Литьё или ороговение, слово несущественно, эта разновидность метаморфизма кожной породы протекает стремительно: растворённая было едкой пропиткой породистая масса тут же превращается в броню. Сдавленная внешним и взламываемая внутренним давлением броня тут же покрывается трещинами, в ней просекаются каналы. Откалывающиеся от неё осколки надрывают ещё не окрепшую, подспудно нарастающую молодую корочку, а сами превращаются в щебень. Шуршащие их осыпи сползают с вершин вспучившихся холмиков в недра трещин, размокают там в месиво и цементируют разломы, снова слой за слоем укрепляя непрерывно толстеющую кору. Закованная в нарастающий на её теле морщинистый панцирь, она темнеет вся.

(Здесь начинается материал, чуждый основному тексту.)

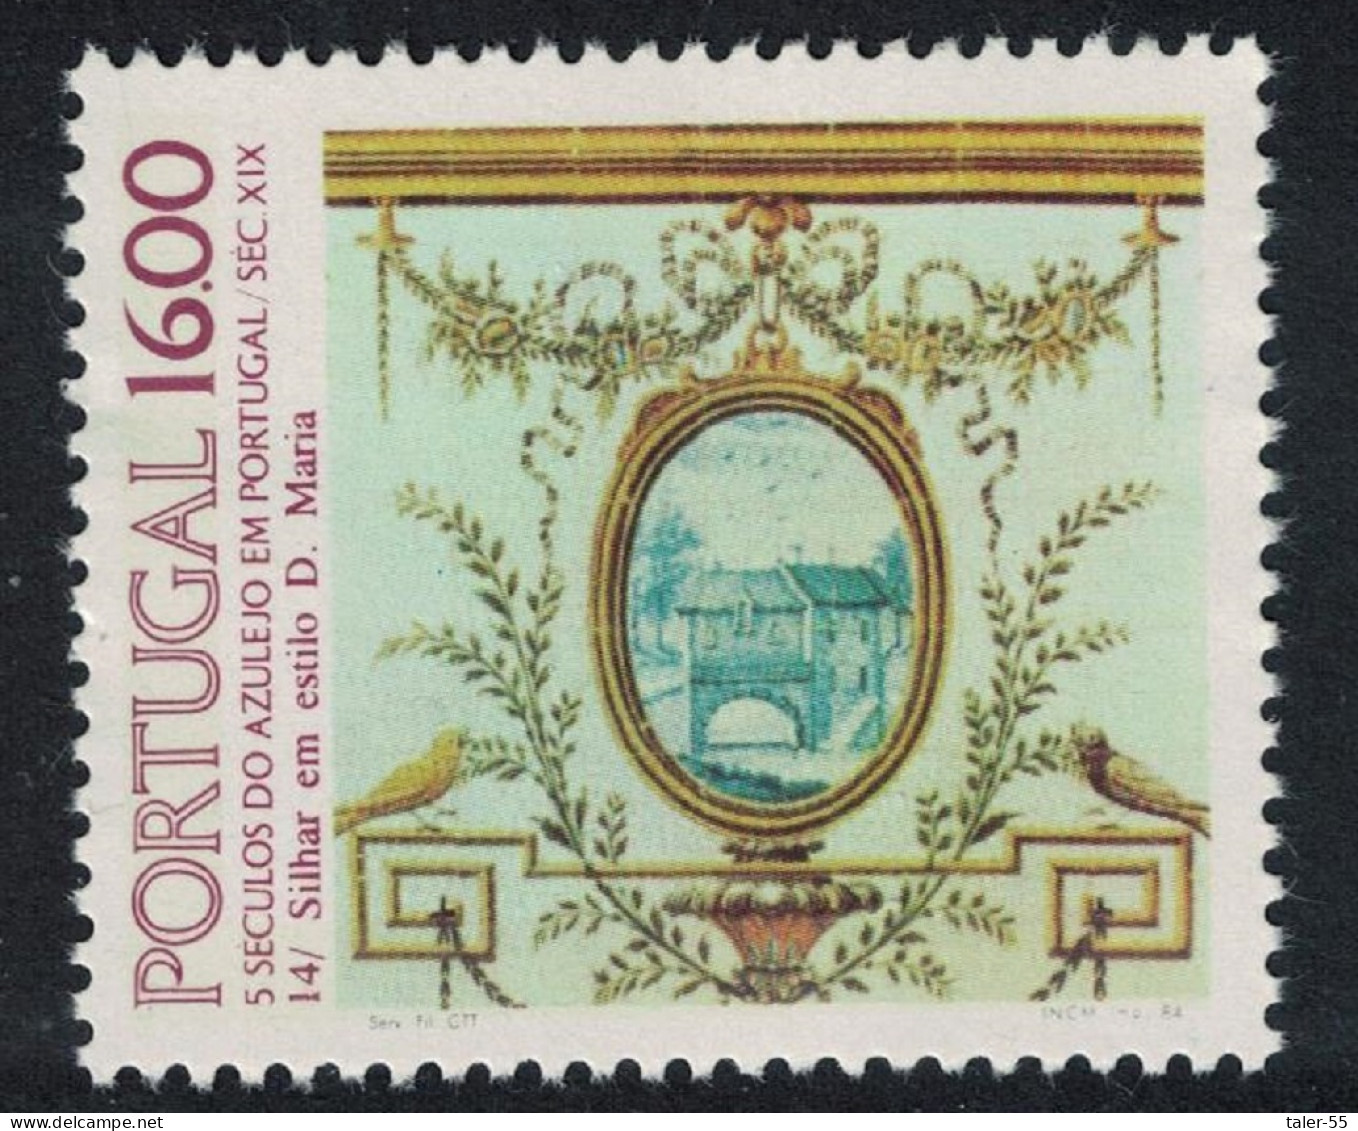 Portugal Tiles 14th Series 1984 MNH SG#1970 - Neufs

Хотя, может быть, и её тело тоже темнеет оттого, что и к нему вплотную придвинулась судорожно сгущающаяся повсюду, пожирающая всё ночь. Возможно, не пигмент изнутри, а тень ночи извне вбирает, спазматически сжимающимся и разжимающимся пищеводом и сокоточащим своим желудком - пожирает его. Но какая разница, отчего темнеет её тело, если нельзя различить его внутреннее и внешнее, отличить извне от внутри. Ночь, опустившаяся на её тело, взломала его пределы, ввалилась в него с небес земли и теперь располагается в нём, как у себя дома: в верхах и низах этого дома, в подвалах и чердаках его, повсюду на его земле и его небесах.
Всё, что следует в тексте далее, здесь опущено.